Your reply should contain the whole listing below, repeated exactly, and no images.

**THE DATA**
- - -

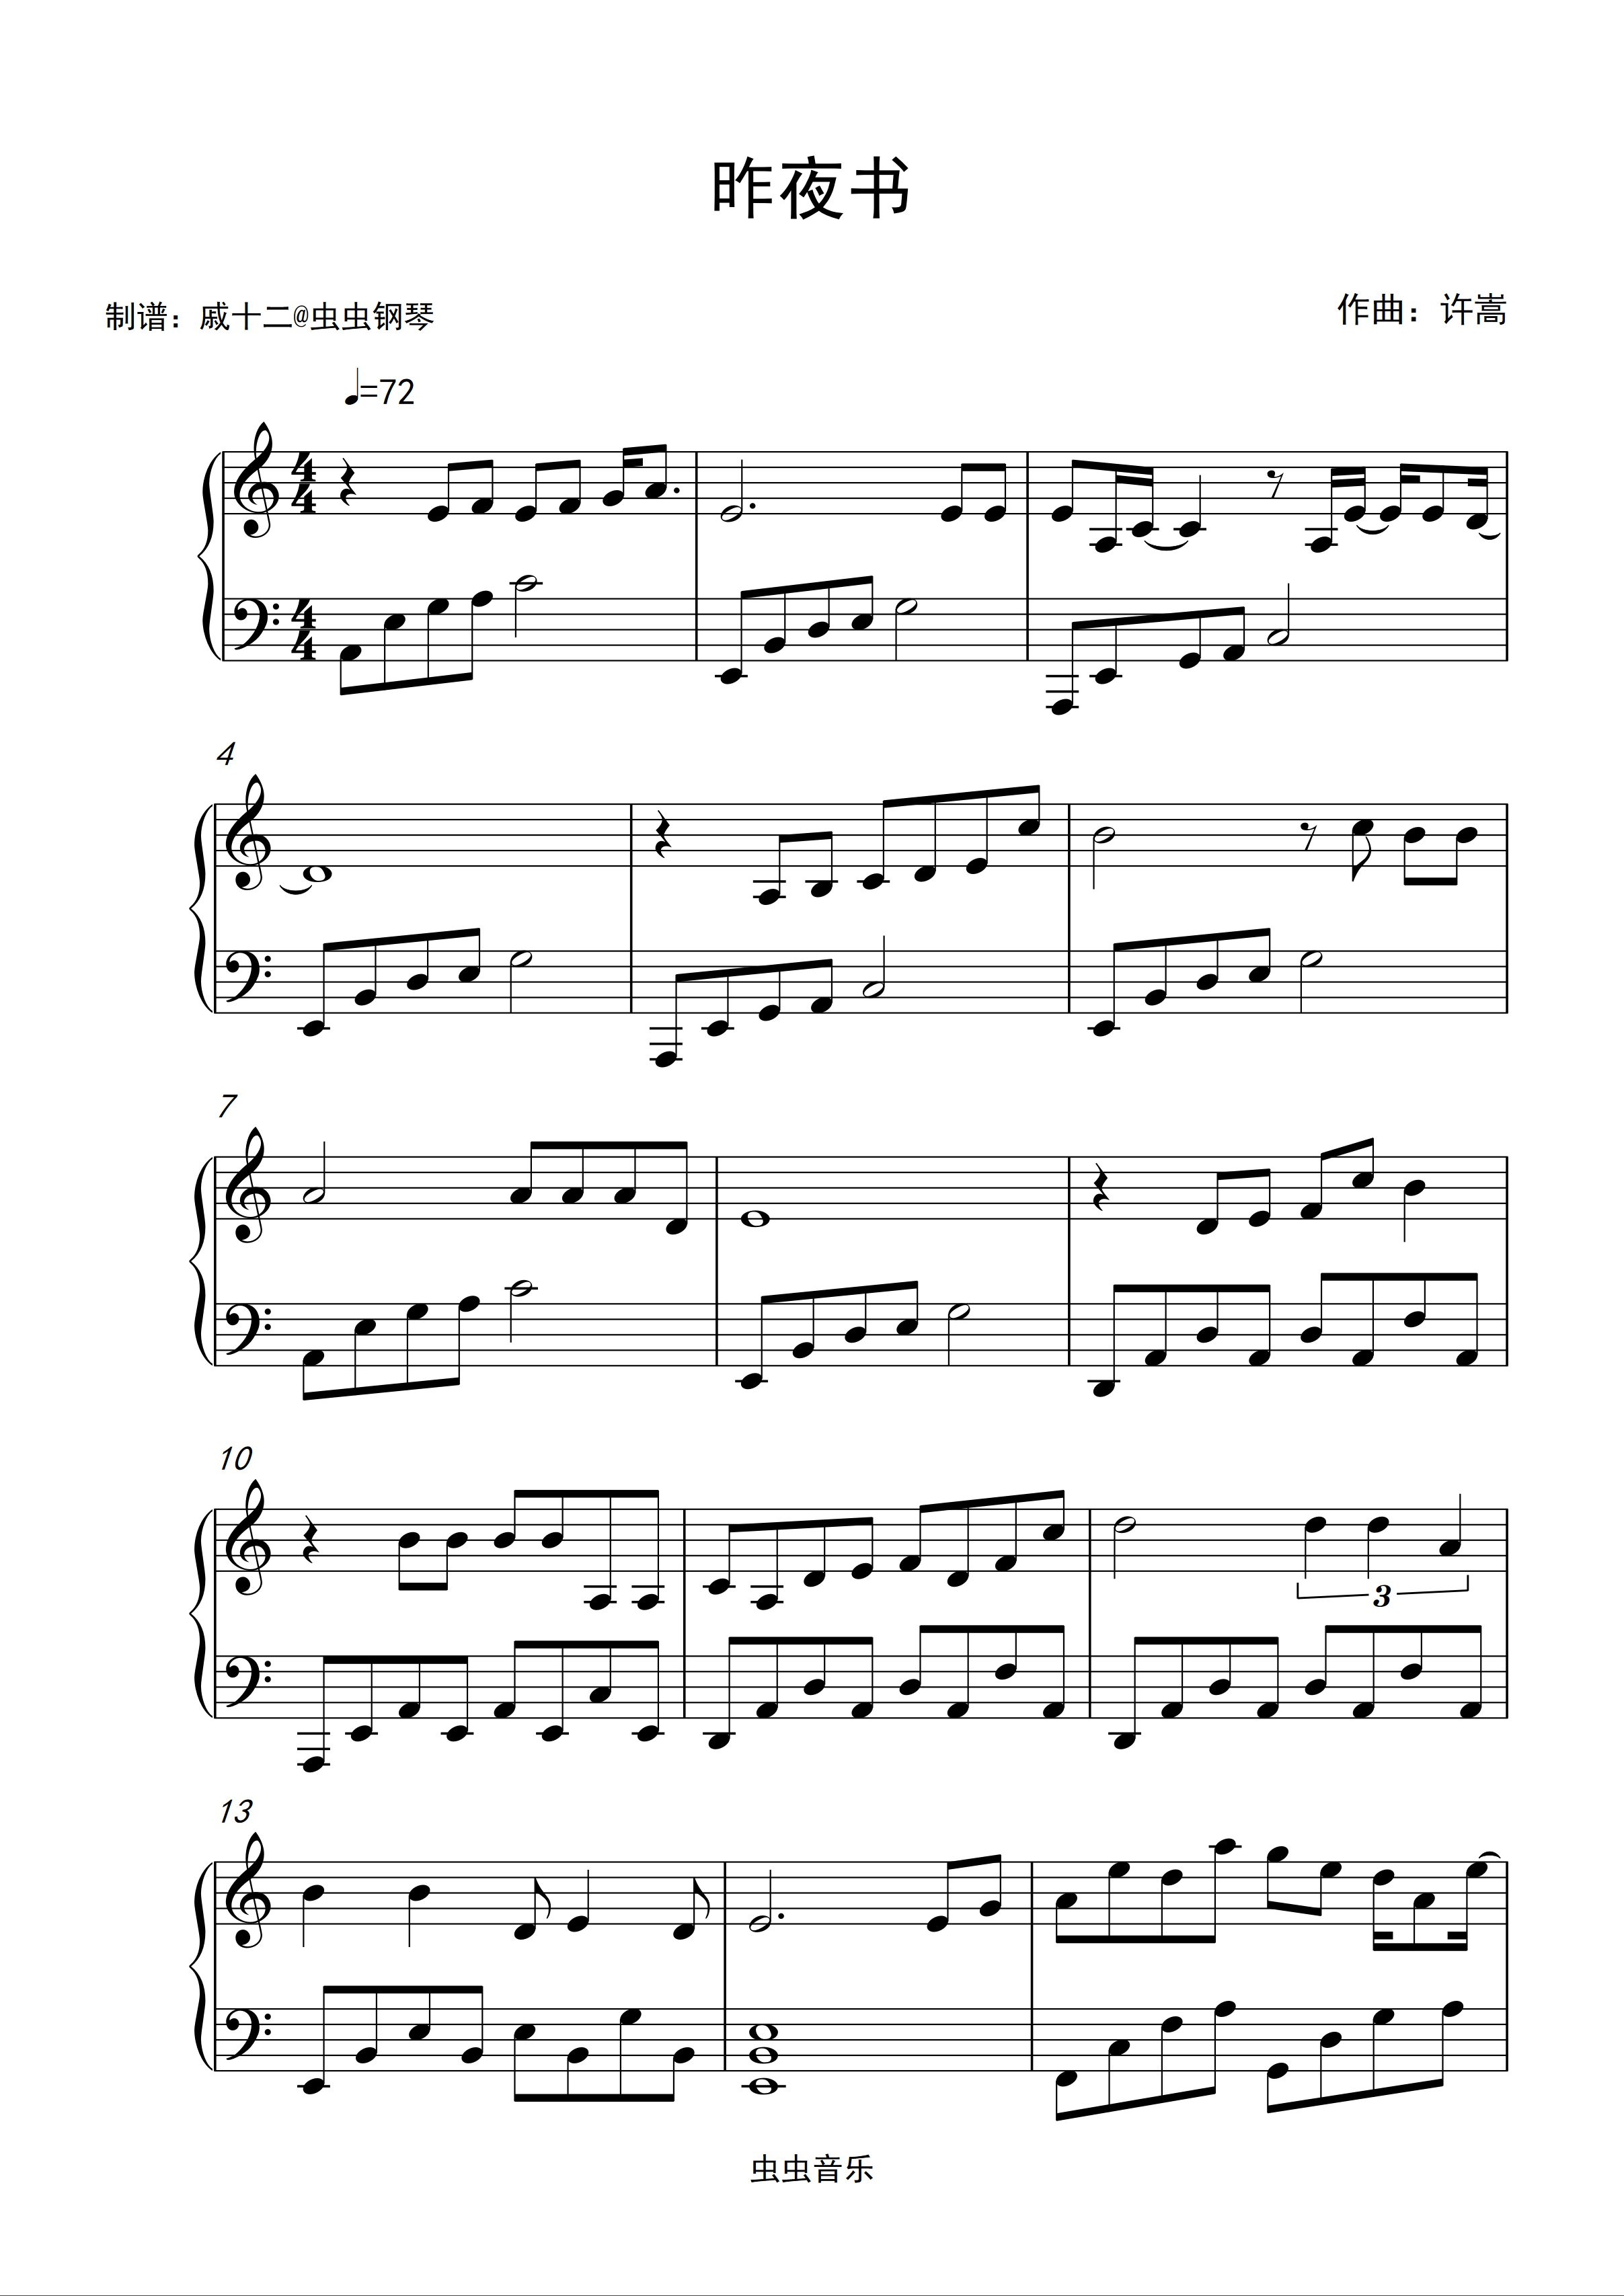 昨夜书-完美版五线谱预览5-钢琴谱文件（五线谱、双手简谱、数字谱、Midi、PDF）免费下载
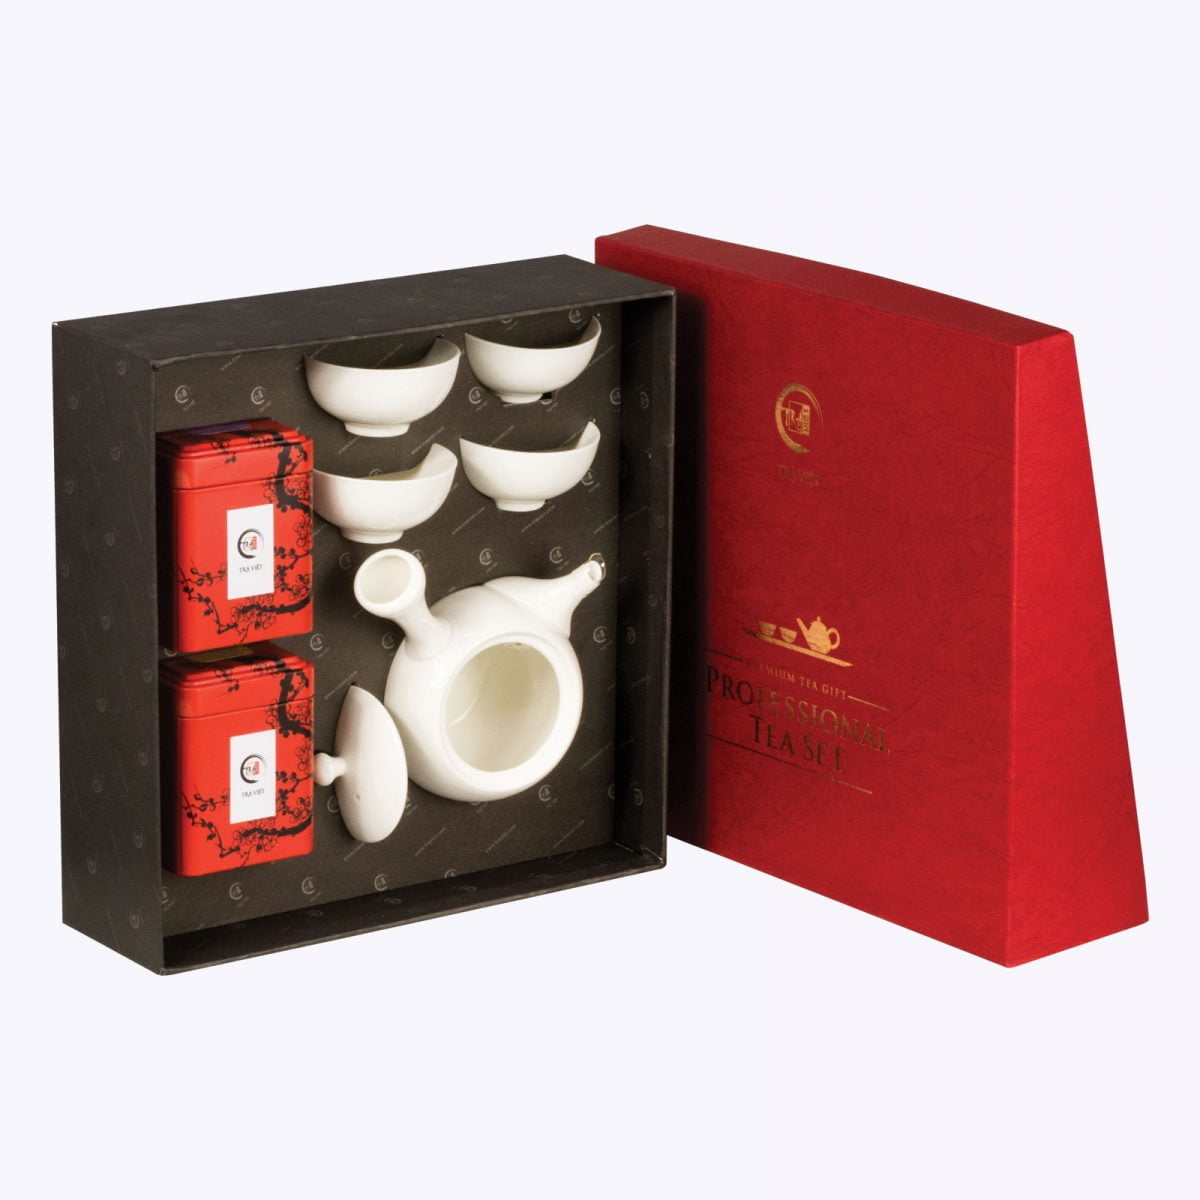 Standard porcelain tea sets plus
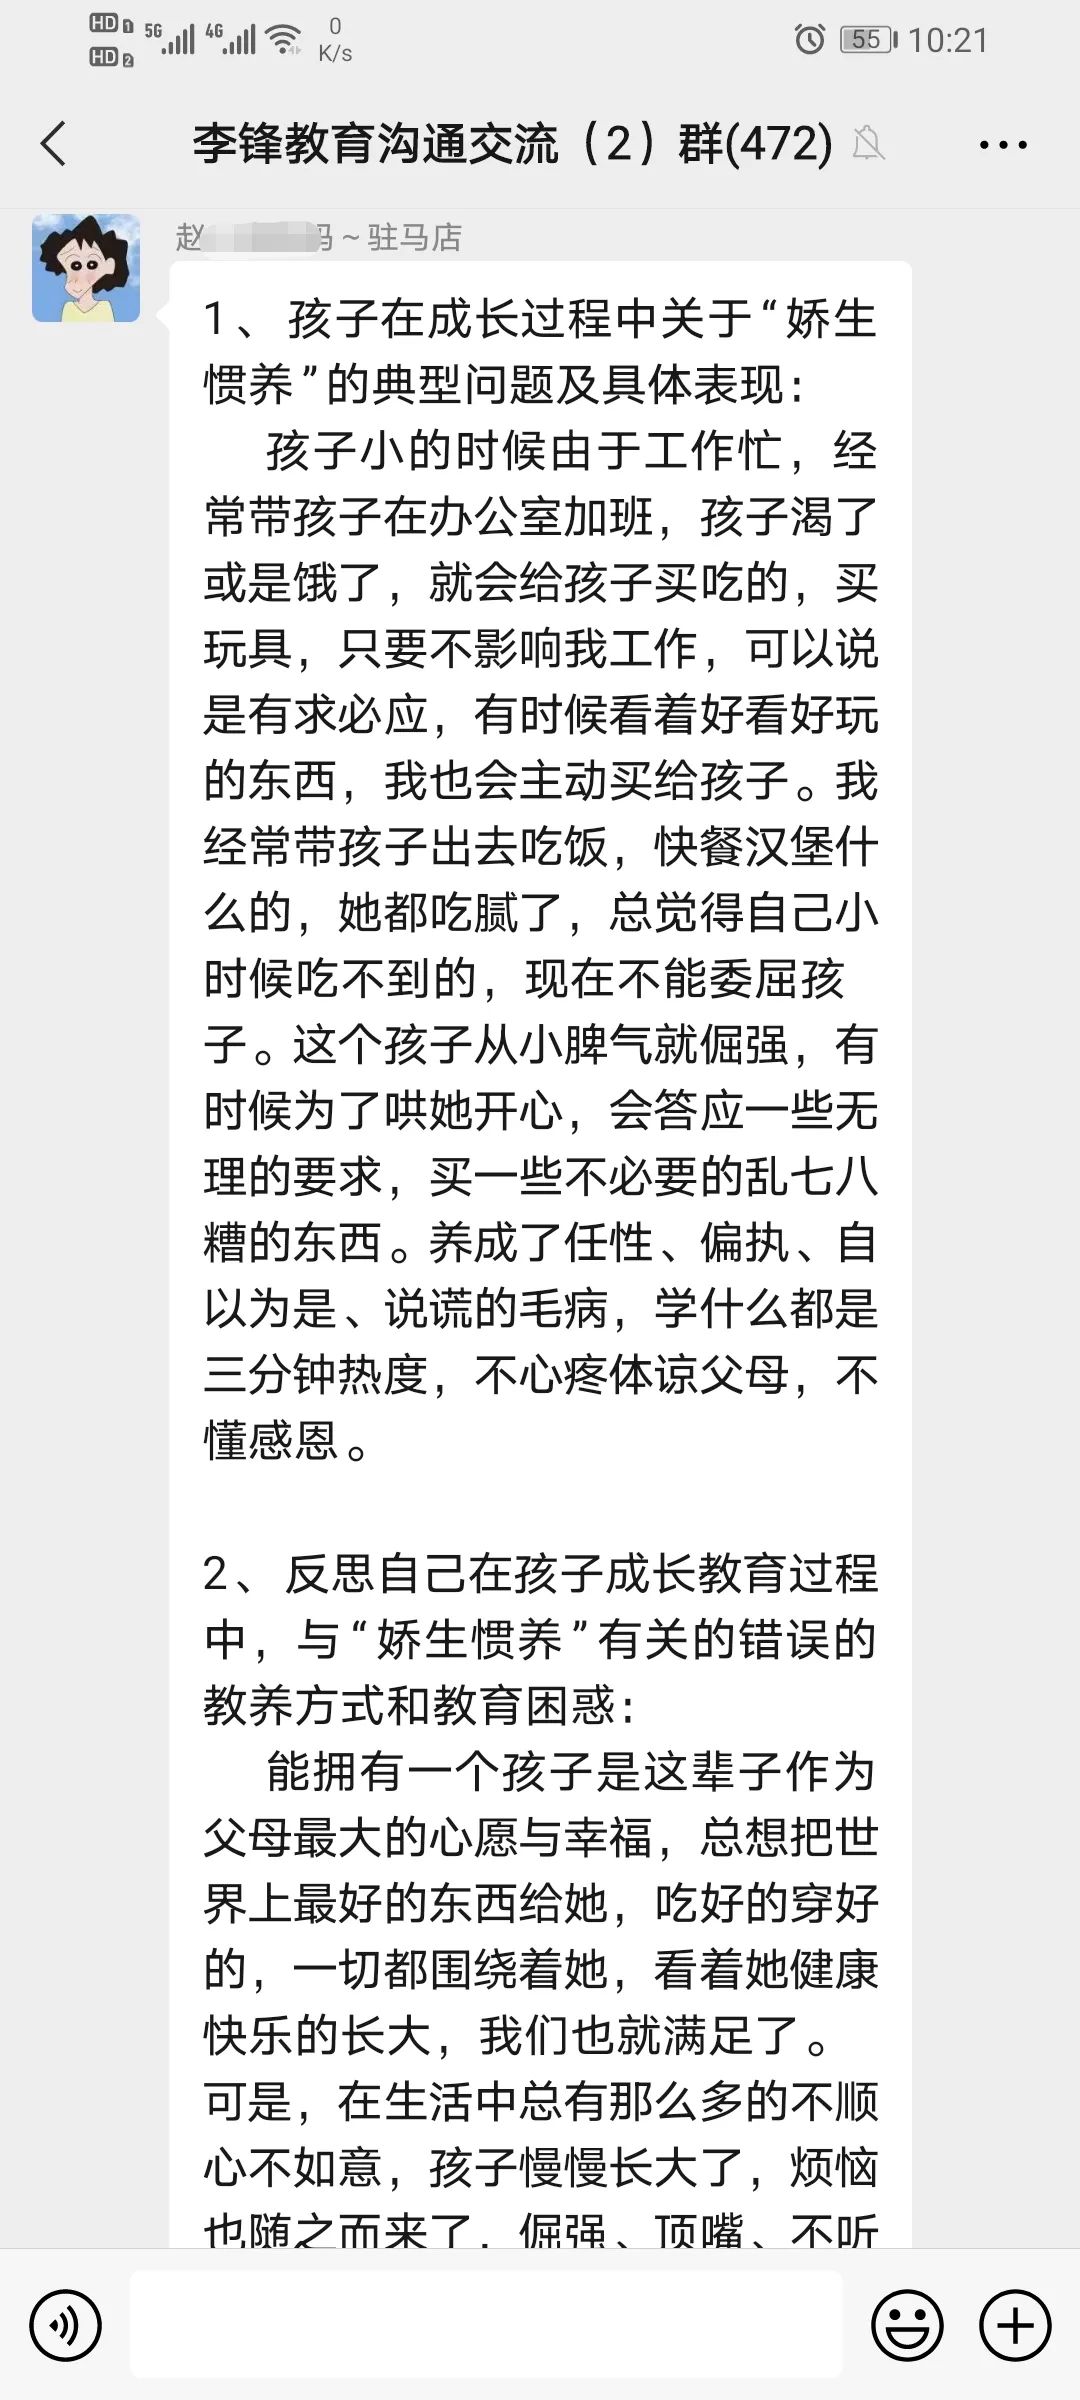 李锋心理教育中心2021年4月第一周娇生惯养之家校交流会记录_www.hnlfjy.com.cn
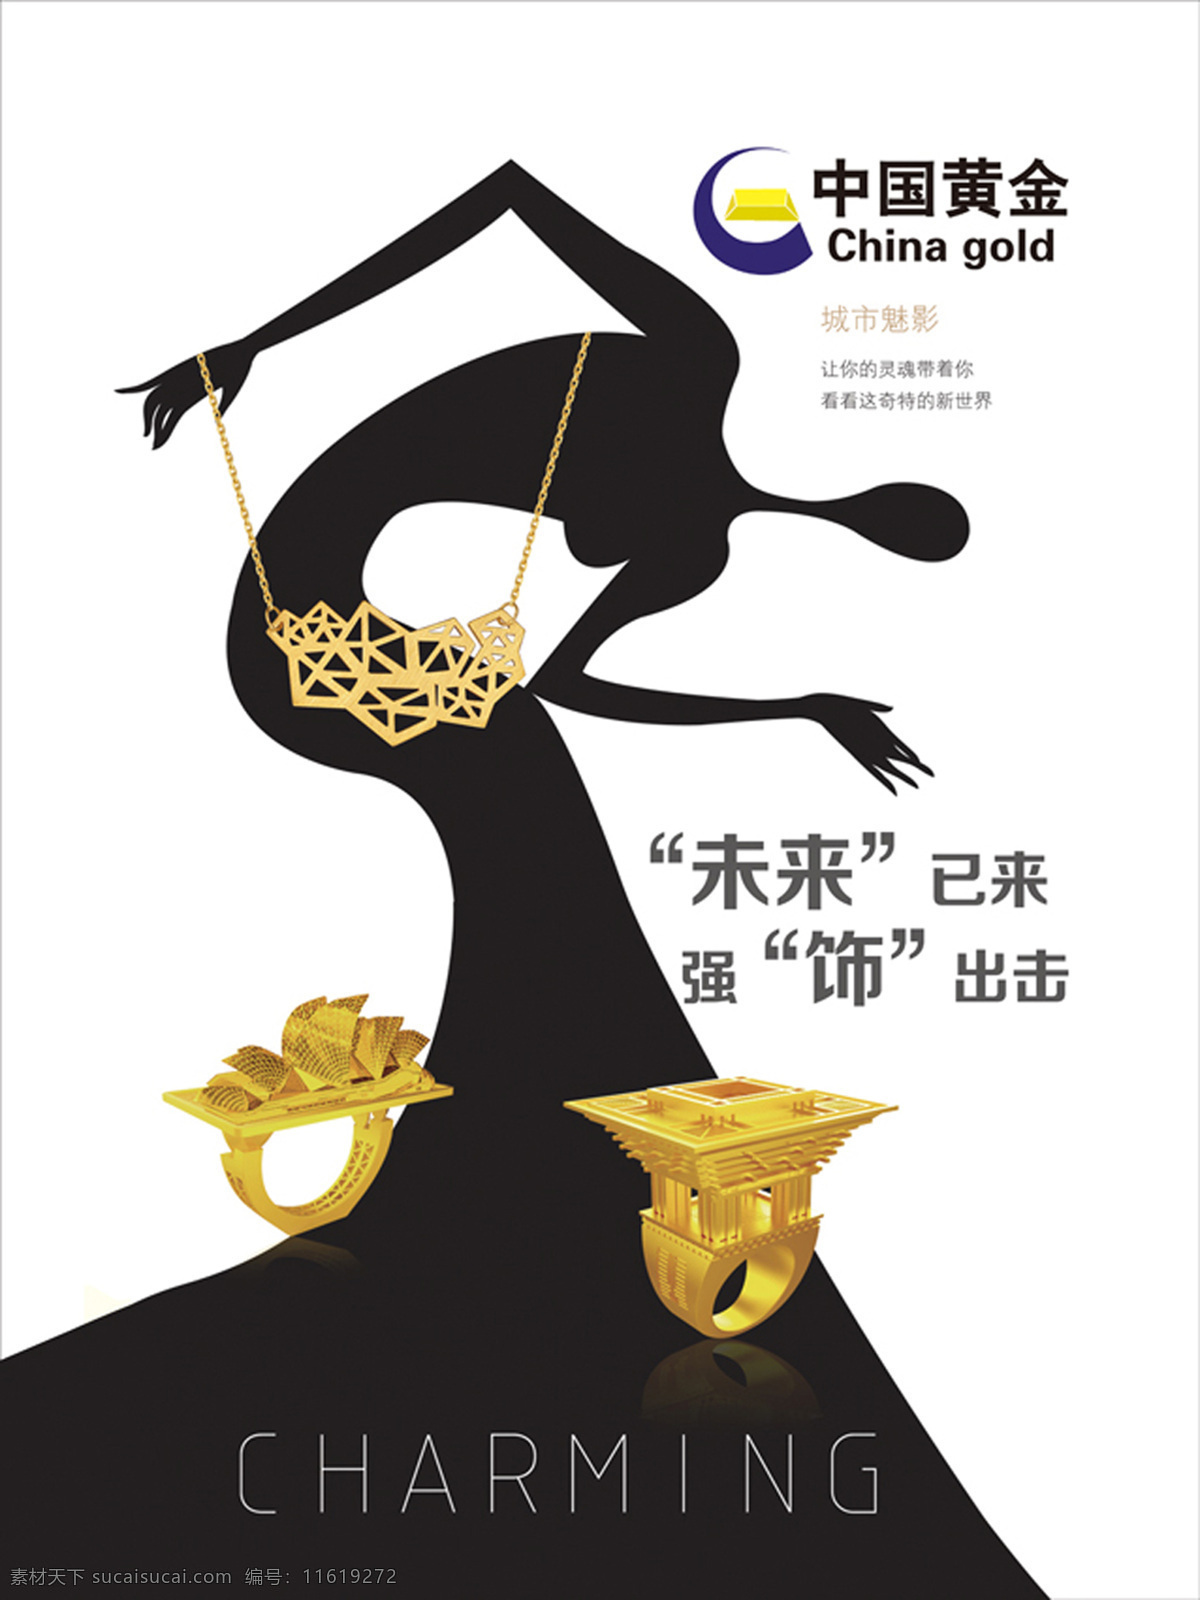 中国 黄金 装饰 图案 金戒指 中国黄金 海报 饰品 金饰品

- - -

**RESULT OF THIS EXERCISE**
 昨夜书-完美版五线谱预览5-钢琴谱文件（五线谱、双手简谱、数字谱、Midi、PDF）免费下载
 Standard porcelain tea sets plus
 李锋心理教育中心2021年4月第一周娇生惯养之家校交流会记录_www.hnlfjy.com.cn
 中国 黄金 装饰 图案 金戒指 中国黄金 海报 饰品 金饰品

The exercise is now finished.